Mapping of RVA sequence reads of non-treated and S1 treated samples of calf No.1 and swine No.1 against bovine reference sequences of (A) VP4 and (B) swine reference of VP7. Positional sequence coverage and sequencing depth of VP4 (P[1], P[5], P[11] and P[14]) and VP7 (G2, G4, G5, G9 and G11) of calf No.1 and swine No.1, based on reference assembly to P[1]: NCDV Lincoln (AB119636), P[5]: WC3 (AY05071), P[11]: B223 (D13394), P[14]: RVA/Cow-wt/JPN/Tottori-SG/2013/G15P[14] (AB853893), G2: RVA/Vaccine/USA/RotaTeq-SC2-9/G2P7 [5] (GU565068), G4: RVA/Vaccine/USA/RotaTeq-BrB-9/1996/G4P7[5] (GU565090), G5: RVA/Pig-tc/ESP/OSU-C5111/2010/G5P[7] (KJ450849), G9: JP3-6 (AB176678) and G11: HLJhg7 (JX498964).

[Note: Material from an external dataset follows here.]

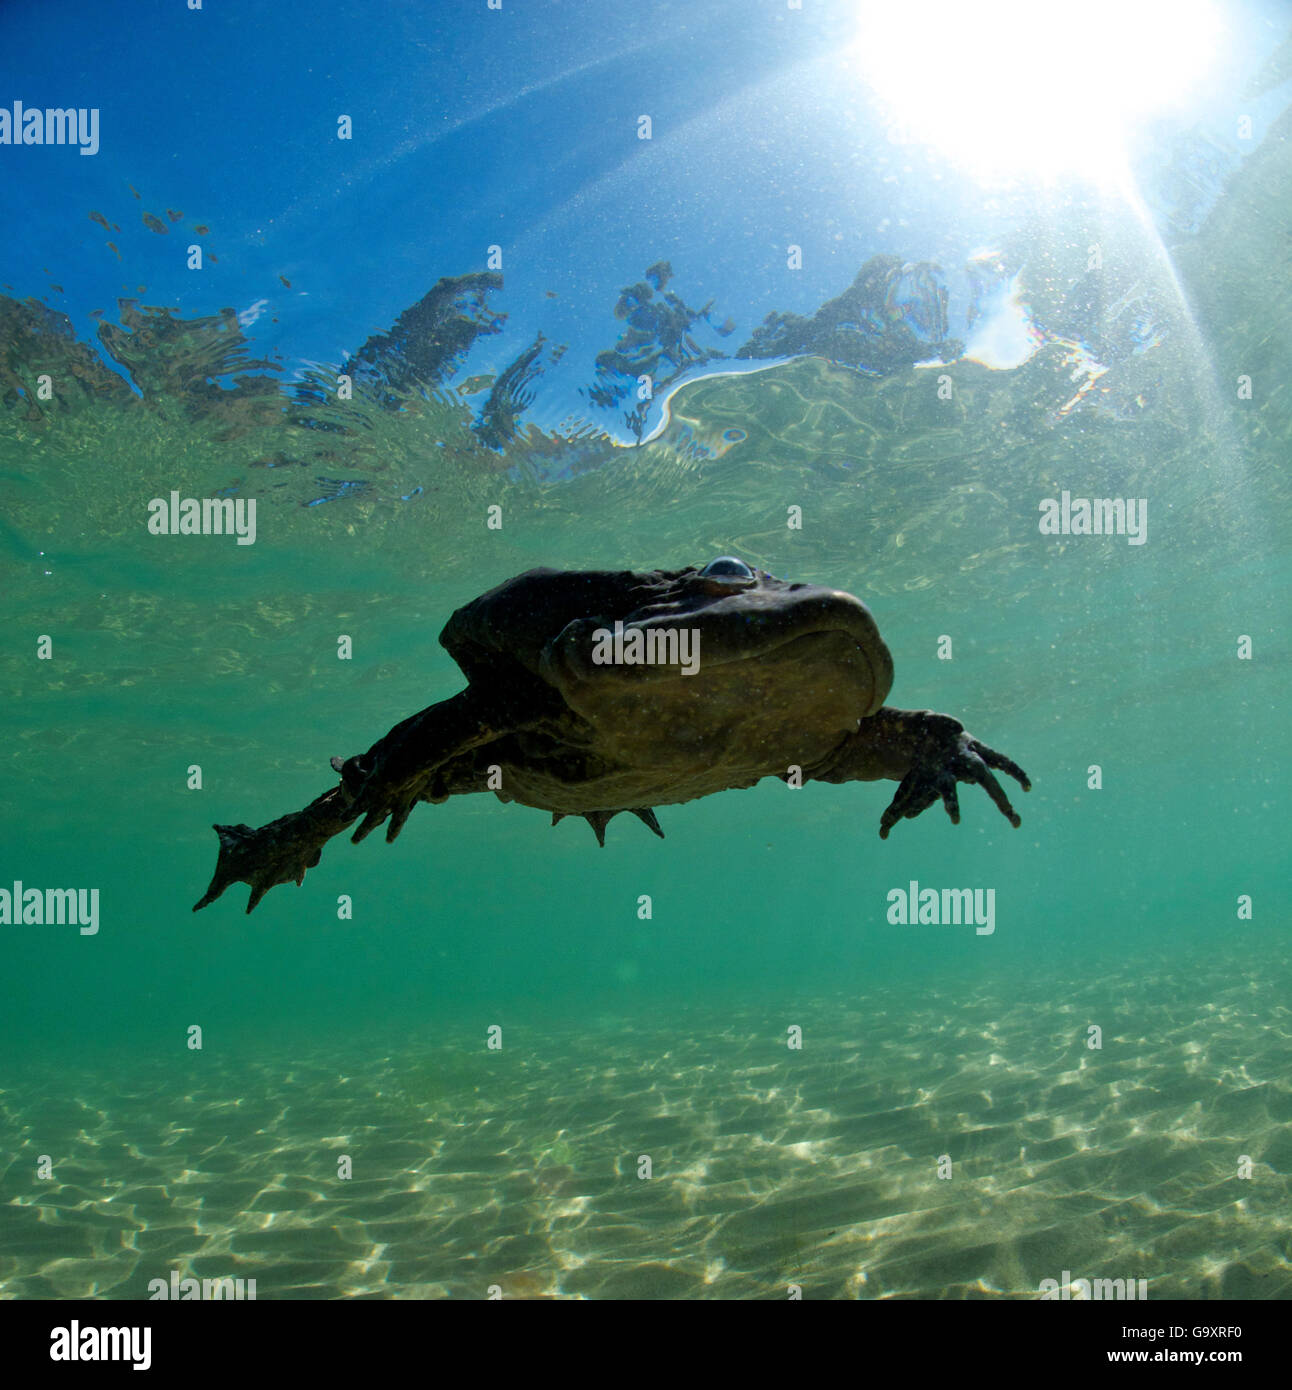 L'eau Titicaca (grenouille Telmatobius culeus) nager sous l'eau, le Lac Titicaca, en Bolivie. Espèces en danger critique d'extinction. Banque D'Images

In the present study, treating total RNA with S1 nuclease prior to NGS reduced the number of extra sequence reads and increased the number of reads of RVA obtained for the bovine fecal, swine fecal and viral culture samples. Furthermore, the increased number of sequence reads of RVA facilitated genotyping with mapping to reference sequences on the genome analysis software. These results suggest that S1 nuclease-treatment during preparation of viral RNA for NGS is more useful than DNase I treatment alone, for the detection of RVA and dsRNA viruses. S1 nuclease-treatment facilitates the detection of not only viruses belonging to the Reoviridae and Picobirnaviridae families, but also non-identified novel viruses.